Según el funcionario policial, el hospital era una clínica en poder de la MS-13. 

El director del centro asistencial resaltó el riesgo de que un hospital estuviese en poder de la MS pues de haber llevado allí a algún policía herido o enfermo, podrían haberlo envenenado.

“Cómo los médicos le van a dar información (a la Policía) sobre pandilleros heridos que son atendidos en ese hospital”, se preguntó el comisario general, durante una entrevista televisiva realizada por el Canal 11 de Honduras.

¿Cómo la MS se apoderó del hospital?

De acuerdo con fuentes del Ministerio Público (MP) consultadas por El Diario de Hoy, la MS tenía varios años de llevar las riendas del centro médico Ochoa, del cual se servían para lavar dinero que recogían de las extorsiones.
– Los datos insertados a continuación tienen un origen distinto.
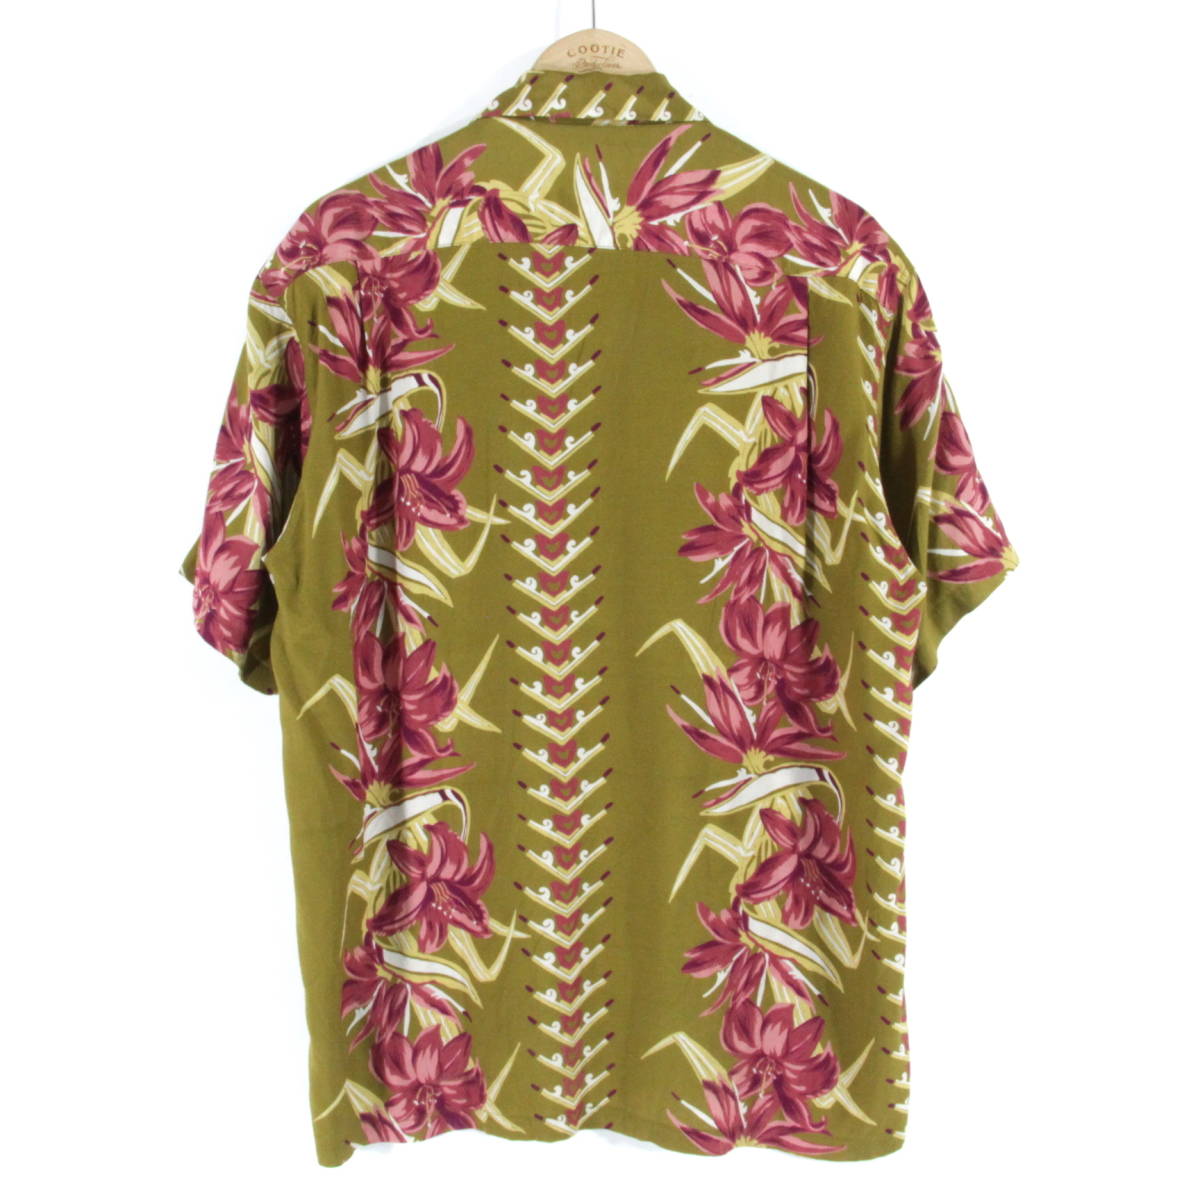 HAWAIIAN STYLE ビンテージ アロハシャツ L カーキ/ピンク 花柄 半袖 レーヨン ハワイアン ALOHA 日本製 ハワイアンスタイル

El martes anterior, las autoridades hondureñas incautaron un millón de lempiras en billetes de 500, casi medio millón de dólares, al cambio del día, los cuales estaban escondidos en una habitación de la policlínica.

Esa suma es parte del dinero que la organización delictiva blanqueaba, aunque la representante legal del centro asistencial argumentó que era dinero proveniente de las actividades del hospital.

Sin embargo, la fuente del Ministerio Público hondureño indicó que la forma cómo el nosocomio blanqueaba dinero de la mara Salvatrucha MS procedente de extorsiones era a través de falsos servicios médicos prestados, es decir, que si en el día atendían a 20 personas, la clínica reportaba que había atendido a 40 o 60 pacientes y de esa manera blanqueaban el dinero.

Esa manera de lavar dinero se ha establecido durante la investigación que esta semana derivó en la Operación Avalancha, desarrolla desde el lunes anterior en varios sectores de Honduras que ha dejado como resultado, el secuestro de 102 inmuebles, entre negocios, residencias de lujo y terrenos baldíos, y la captura de un alcalde y un excomisario de la Policía hondureña.

En la operación Avalancha han participado la Agencia Técnica de Investigación Criminal (ATIC), Policías y militares de fuerzas elites.

La operación continuaba ayer en la tarde en diferentes lugares en Honduras.

De acuerdo con fuentes fiscales, la mara Salvatrucha se agenció el control del hospital Ochoa cuando su propietario, el doctor especializado en neurología, Miguel Ángel Ochoa Centeno, pasaba por dificultades económicas para continuar operando el negocio que ya pagaba extorsión a esa pandilla.

Fue entonces que los cabecillas de la MS le ofrecieron ayuda al doctor Ochoa para continuar en el negocio.

Según fuentes policiales hondureñas él aceptó varios préstamos por parte del grupo criminal y fue así cómo el reconocido médico se fue involucrando con esa organización criminal, especialmente con el cabecilla identificado como Alexander Mendoza, (a) Porky, a quien el Ministerio Público señala de ser la principal cabeza de la MS en San Pedro Sula.

La Policía capturó el martes anterior a una hija y a la ex esposa del médico quien escapó de ser arrestado y ahora las autoridades lo buscan para llevarlo ante la justicia.

De acuerdo con las fuentes, Mendoza o el Porky fue capturado el 20 de diciembre anterior, cuando se encontraba reunido con ocho mareros más cerca del estadio olímpico de San Pedro Sula. 

Esa captura hizo que la investigación contra la mara Salvatrucha en esa localidad se agilizara más por parte de las autoridades.

A Mendoza lo señalan de ser un cabecilla muy escurridizo; su captura realmente fue un acto casi inesperado. “Si no lo hubiéramos capturado ese día, es posible que aún no lo hubiéramos detenido hasta hoy. Es un tipo muy escurridizo”, indicó la fuente.